Show revenue by country.
Only France.
Now break it down by month.
That looks empty. Try the country code instead.

This is the four-message conversation I used to test a text-to-SQL agent I was building, and it is the reason this blogpost exists. The first two messages went fine, somewhere around the third the model lost track of which table we had been working with, and it answered the last message with SQL against a table it had abandoned earlier in the conversation. None of this shows up when you test one question at a time, which is how I had been testing, and it is also how most of the published benchmarks test.

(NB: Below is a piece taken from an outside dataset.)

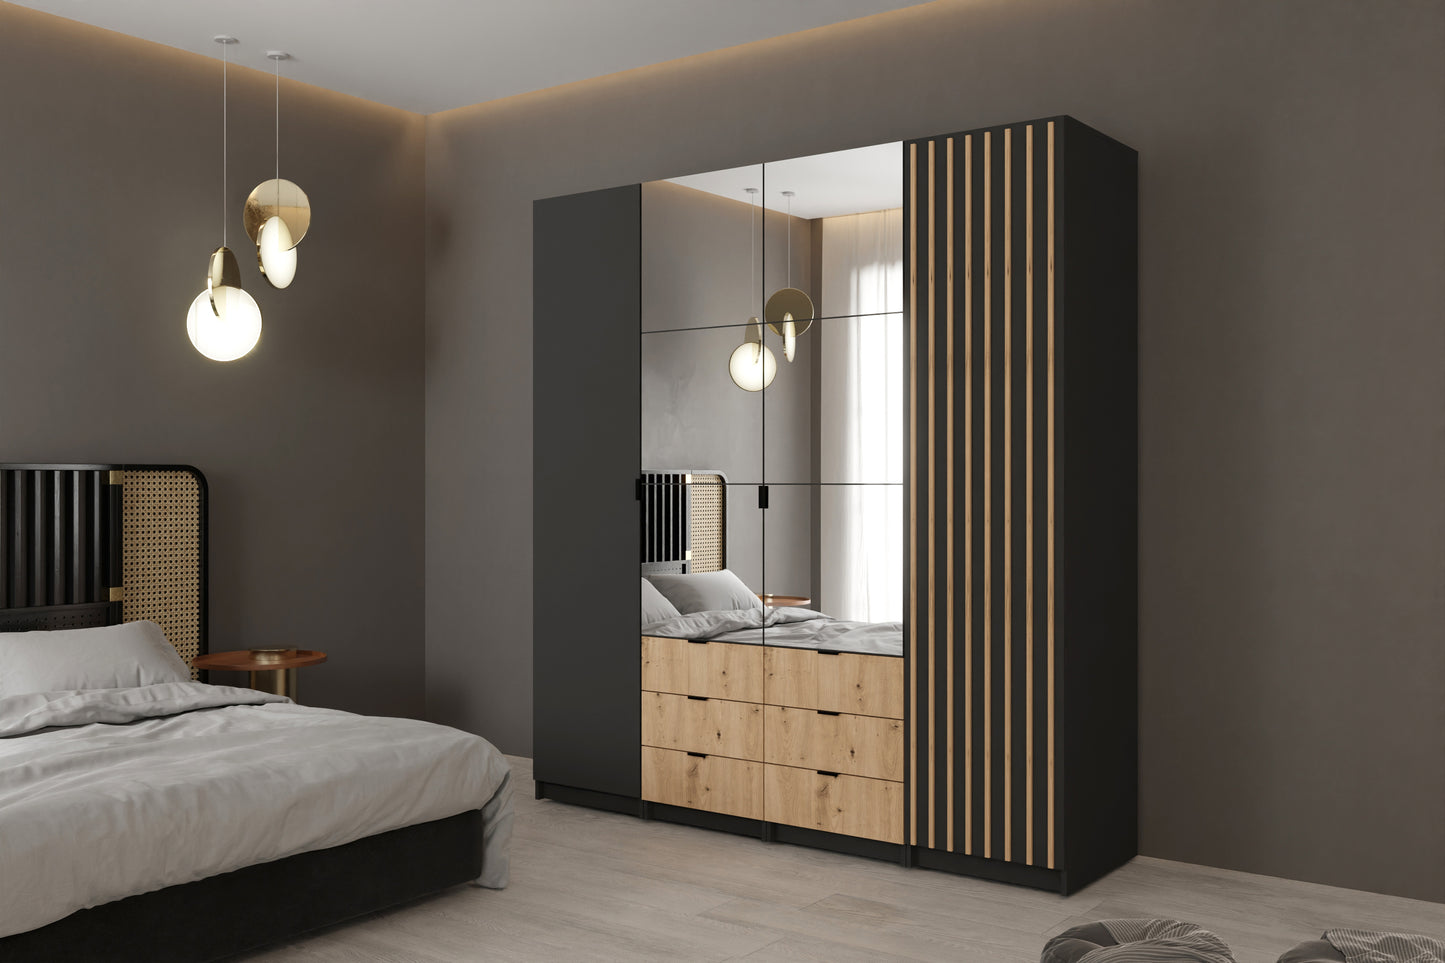 Aranżacja przedstawiająca ustawienie szafy w minimalistycznym wnętrzu. Idealnie wkomponowuje się w ciemne pomieszczenie dzięki zastosowanym w niej jasnym szufladom i nowoczesnym lamelom.

Single-turn benchmarks do not contain this failure

When a model reports something like 85% on text-to-SQL, the number usually comes from Spider or BIRD, where every question arrives alone with fresh context. Both benchmarks have driven real progress, and neither contains the failure above, because that failure needs history to exist. The benchmarks that do contain it are newer and less quoted: SParC runs sequences of related questions over unseen databases, CoSQL adds real dialogue with ambiguity and clarification requests, and BIRD-Interact goes furthest and expects the assistant to recover from execution errors and from its own earlier wrong answers. Frontier models that dominate the single-turn leaderboards drop considerably on these, and that drop is what turned my broken demo into an experiment.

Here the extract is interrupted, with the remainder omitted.